Como siempre todo esto es propiedad de Jk. Rowling y de Warner. Esta historia es sin ningún ánimo de lucro.
Si, se que he tardado en subir los capítulos, culpad a los exámenes, una no puede estar a tantas cosas y mantener una media decente, es lo que hay, pero en ningún momento he abandonado la historia, bueno ninguna de ella, pero subo esta la primera porque hace poco ha sido el cumpleaños de mi adorado Micropuff o como otros la conoceréis Walburga Black.

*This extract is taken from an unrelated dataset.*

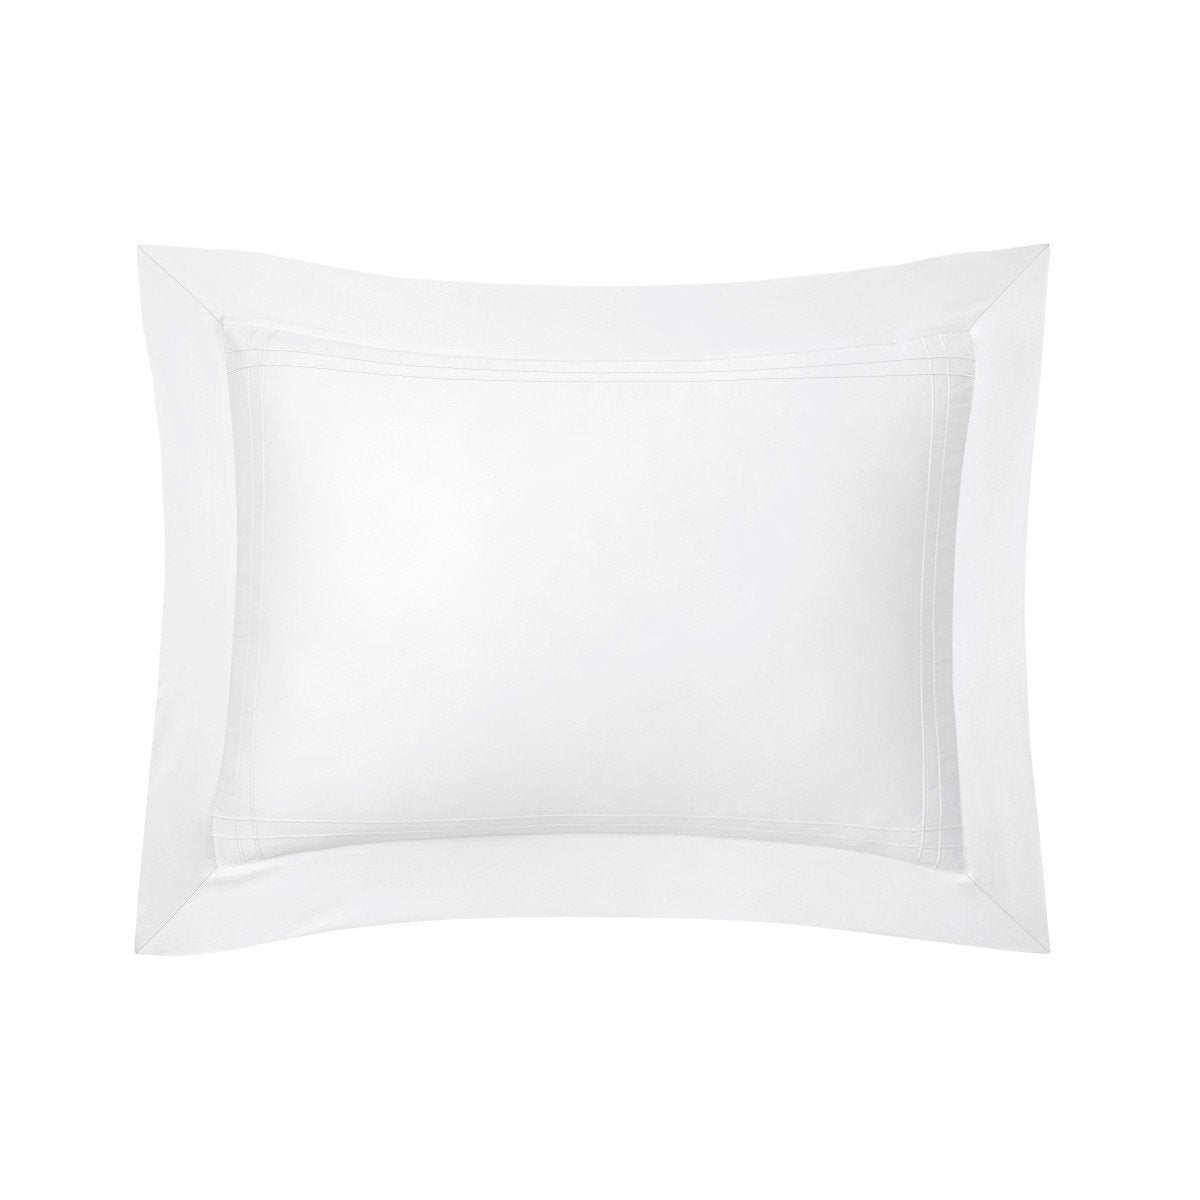 Adagio Blanc Bedding Collection by Yves Delorme | Fig Linens - white, cotton, luxury standard sham
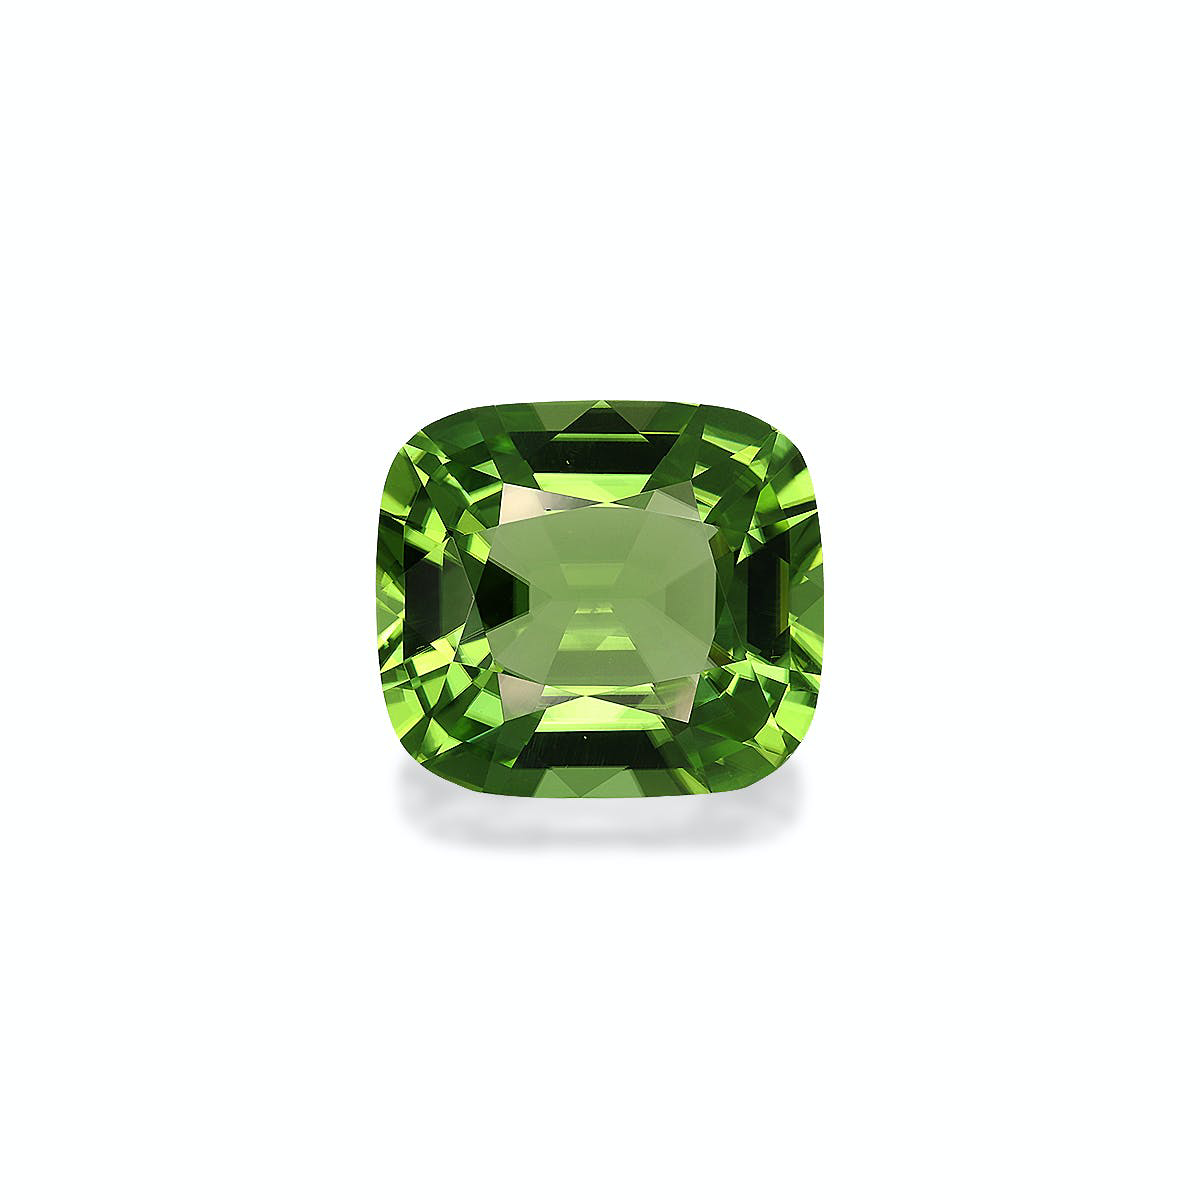 Picture of Vivid Green Peridot 20.82ct - 18x16mm (PD0334)

Quiero dar muchísimas gracias por sus comentarios a Reyes, o también extraño mcuho los roles de esos dos, conclusión, vosotras que conoceis a su user COACCIONAD A ORION y que vuelvan
Reina Marmelade, me imagino quien te lo habrá dicho, tanto como perfecta... yo diría pasable
Orion, mi querido Orion, espero que este te guste más, no quedas tan mal como le dijiste a micropuff o al menos eso espero, y si, tu teletubbie, mi abogada de pleitos pobres me habla de ti y te extraña aunque nunca lo dirá
y a XDXDXD me gusta ver a Orion como un casanova y bueno Meredith... en el amor y la guerra todo vale y siempre debe haber daños colaterales
Os dejo con la Historia
BIBLIOTECA
Si Orion le gustaba un lugar más que Hogwarts era la casa de verano de los Black, ya que podía contemplar él sólo a si amada Walburga sin miedo a ser descubierto o que ella fuera cortejada por otros. Las únicas otras figuras masculinas en varios kilómetros eran Cygnus y Alphard, y eso le llenaba de tranquilidad.
Aunque eso seguía sin facilitarle la idea de acercarse a ella,
Cuando era joven todo era más fácil, estar con ella, hablar con ella, jugar, hacerla reir… Ahora todo había cambiado, Habían crecido y Orion no podía estar cerca de su amada Walbur sin que sus palabras sonasen crueles o despectivas, todo con el objetivo de ocultar su necesidad de ella, de su olor, de sus palabras, de su sonrisa, del brillo de sus ojos o el sonrojo de sus mejillas. Todo su cuerpo reaccionada tan solo con sentirla cerca.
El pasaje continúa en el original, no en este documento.